Poscia un greve sospir dal cor sospinse,
Che tinto venne fuor di spuma e sangue,
E morto cadde, e così morto giace
Presso alla morta sposa il giovin figlio,
E l’infelice nozze nell’inferno
Al destinato fin son giunte omai.
Il vecchio signor nostro tardi vede
Quant’è d’ogni altro più dannoso errore
Il non dar fede ai buon consigli altrui.
- Coro
Che debbian noi pensar? l’alta regina
Senz’altra sua risposta torna indietro.
- Nunzio
Maravigliomi anch’io, ma spero forse
Che per non empier la città di pianto
In casa se n’andrà piangendo ’l figlio
Con le sue serve e l’altre sue compagne:
Ella è pur saggia, onde temer non posso
Che soverchio dolor l’induca a morte.
- Coro
Sempr’è più greve ’l duol quand’altri ’l preme,
Che quel che si disfoga in pianti e ’n voci.
- Nunzio
Andrò là dentro adunque, e terrò cura
Se questa afflitta per soverchio affanno
In sé disfoga il chiuso duol che porta.
- Coro
Ecco qua ’l nostro re, che vien piangendo
La morte del suo figlio amaramente;
Ma se lecito m’è, cagion n’è stato
Il proprio suo, non già l’altrui difetto.
- Creonte
O mente cieca mia senza consiglio!
Ohimè mortal mio fallo!
Cagion di morte altrui,
A me di vita assai peggior che morte.
Vedete, o popol caro, il signor vostro
Ch’ha posto in morte il figlio,
Se stesso in doglia eterna:
Ahi credenze del mondo vane e ’nferme!
O giovin figlio, ohimè, da morte acerba
Spento in su ’l bel fiorir degli anni tuoi,
Ohimè, ohimè, ohimè! non già tua colpa
Or t’ha condotto a tale,
Ma i miei consigli stolti.
- Coro
Deh, come or conoscete indarno ’l vero!
- Creonte
Lasso me, ch’a mio danno il ver conosco,
Ma gli Dei pronti allor tutti al mio male
M’avien furato il senno,
E la mente accecata,
E mi spingeano a forza
Giù per precipitoso e dritto calle
All’ultima rovina ov’io son giunto.
Ohimè, ohimè, ohimè!
Ahi fatiche mondane,
Come al più sete voi dannose e grevi!
- Servo
Signor, nuova cagion di pianger sempre,
Lasso, vi reco, e nuovo danno acerbo
Tosto udirete, e non minor del primo.
- Creonte
Che mal può più venir? che danno è questo?
- Servo
La madre di quel morto e vostra sposa
Ha per soverchio duol se stessa ancisa.
- Creonte
Oh, oh, morte impia e ria,
Perché perché così, lasso, m’affliggi?
O infernal porto ingordo,
Ben sazio oggi sarai del nostro sangue!
O servo apportatore
Di tanta mia tristizia, or ch’hai tu detto?

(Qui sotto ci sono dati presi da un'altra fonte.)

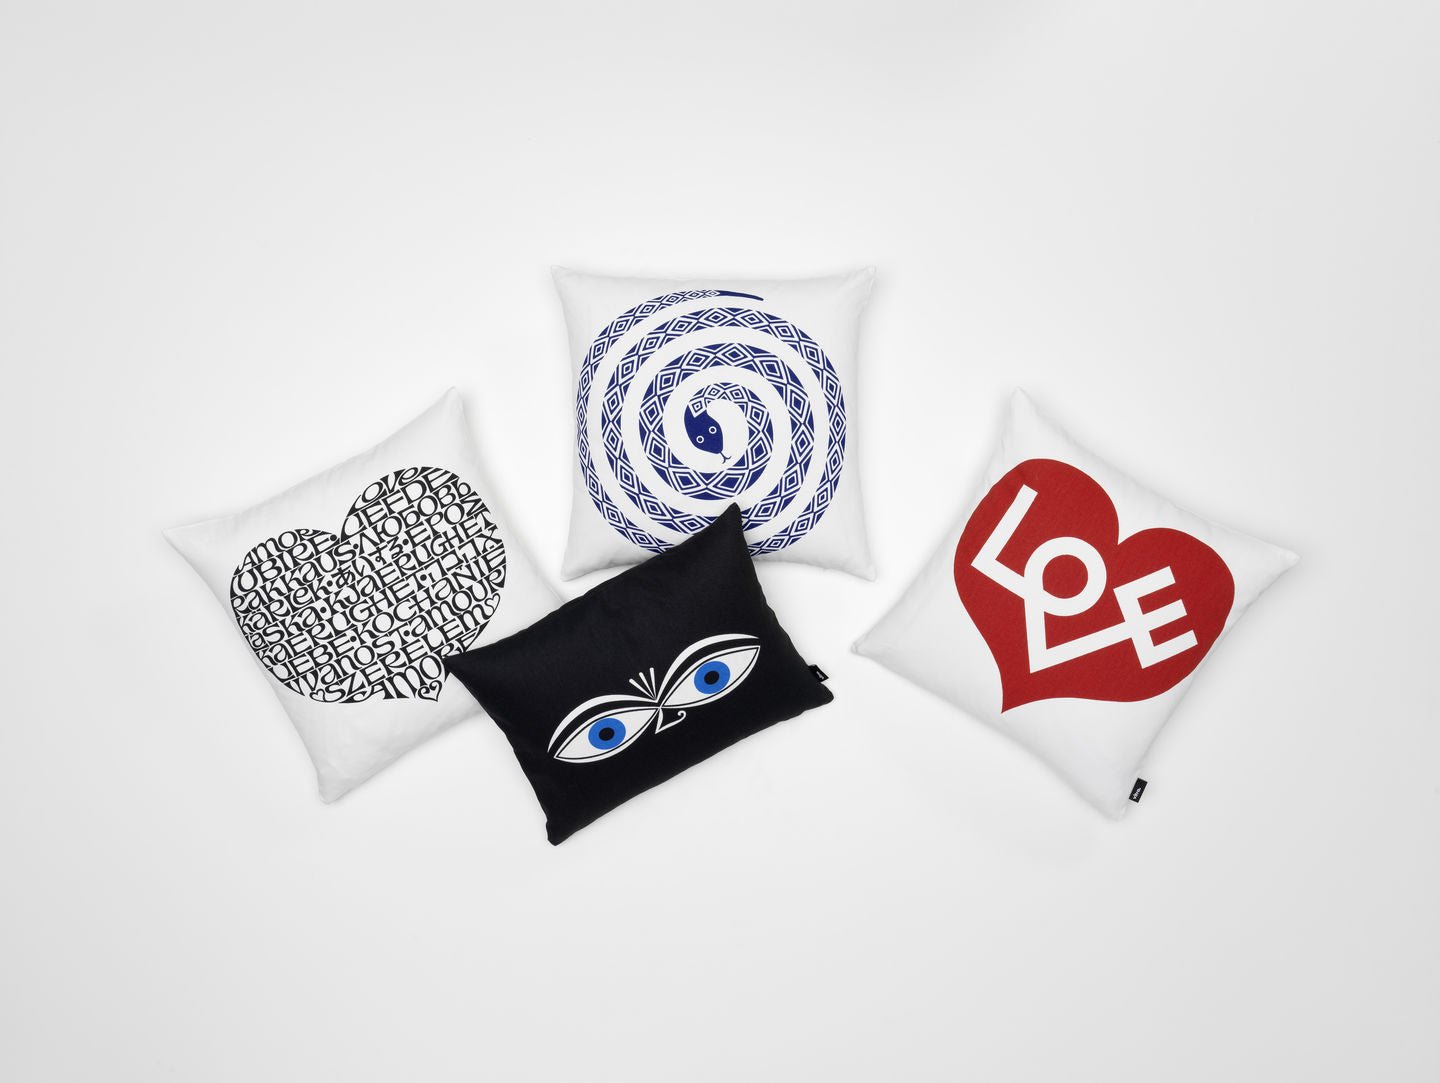 Graphic Print Pillows, Love Heart - Vitra Design Museum Shop

Ohimè, la tua imbasciata ha, lasso, anciso
Un ch’era morto in prima!
Che di’ tu, servo? che novella porti?
Ohimè, ohimè, ohimè!
È però ver ch’all’aspro acerbo fato
Del mio caro figliuol congiunta sia
La morte ancor della mia dolce sposa?
- Servo
Veder si può, ch’ivi entro morta giace.
- Creonte
Ohimè, che nuovo mal, che danno è questo?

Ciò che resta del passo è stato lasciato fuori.